Try it yourself on LeetCode

Big(O) Analysis

Time Complexity

O(n) – The solution iterates through the array of prices once, comparing each day's price with the next day's price. The number of iterations is directly proportional to the number of days, n, represented by the input array's size. Each comparison and potential profit calculation takes constant time. Therefore, the overall time complexity is linear with respect to the input size n.

Space Complexity

O(1) – The provided strategy only involves iterating through the prices and accumulating profit.

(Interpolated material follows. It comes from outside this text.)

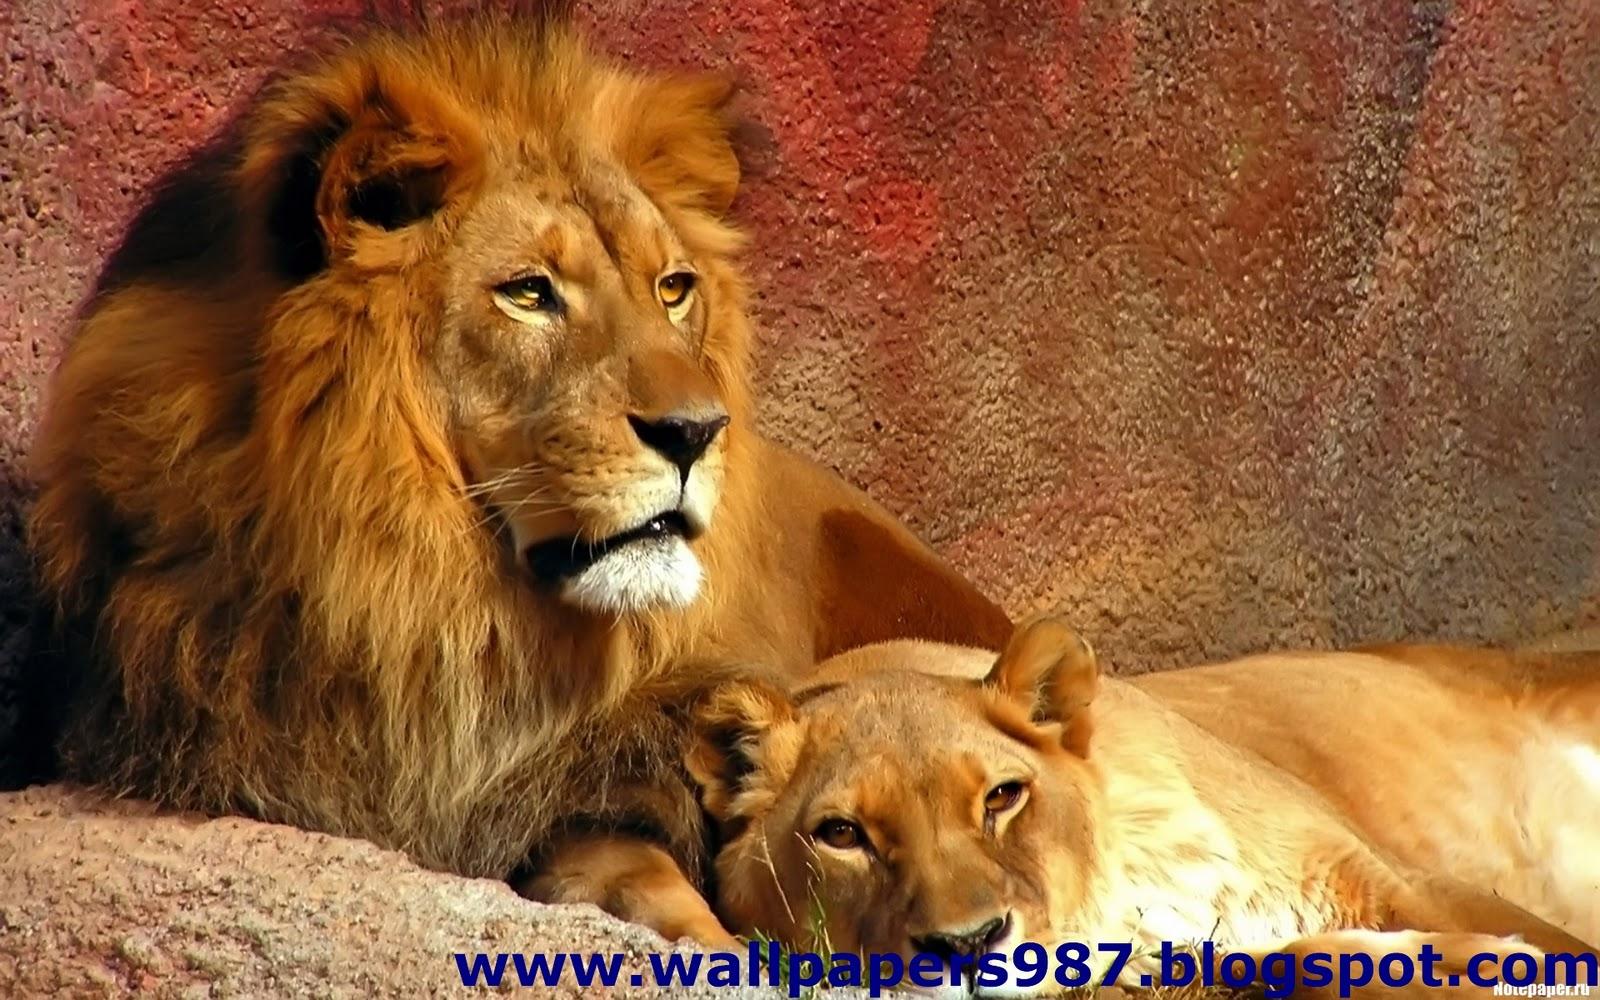 http://2.bp.blogspot.com/_SOSNZoTv8ng/TQYWUD5HCSI/AAAAAAAAAHQ/PuPc7dCXY3o/s1600/windows_masaustu_arka_plan_resimleri_vahsi_kediler_aslan_kaplan_HD_HQ_Full_Animal.+Pic+%252894%2529+%25281%2529.jpg

It doesn't require creating any additional data structures like arrays, hash maps, or trees to store intermediate results or track visited states. The space used is therefore independent of the input size, N, where N is the number of prices. The space complexity is constant because only a few variables (like the current profit) are used, regardless of how large the input array becomes.

Edge Cases

Case	How to Handle
Empty or null 'prices' array	Return 0 as no profit can be made with no prices.
'prices' array with only one element	Return 0 as no transaction (buy and sell) can occur.
'prices' array with two elements, decreasing order	Return 0 as there is no opportunity to make a profit (price decreased).
'prices' array with all identical values	Return 0 as there's no price fluctuation, so no profit.
'prices' array with monotonically increasing values	The algorithm should correctly sum the differences between consecutive days to maximize profit in this ideal scenario.
'prices' array with monotonically decreasing values	The algorithm correctly returns zero profit since no transaction is profitable.
'prices' array with a mix of increasing and decreasing values, large range	Greedy approach correctly accumulates profits from all increasing subsequences.
Large 'prices' array with integer overflow potential in profit calculation (if using certain languages)	Use appropriate data types (e.g., long) to prevent integer overflow during profit calculation, or use modulo if relevant.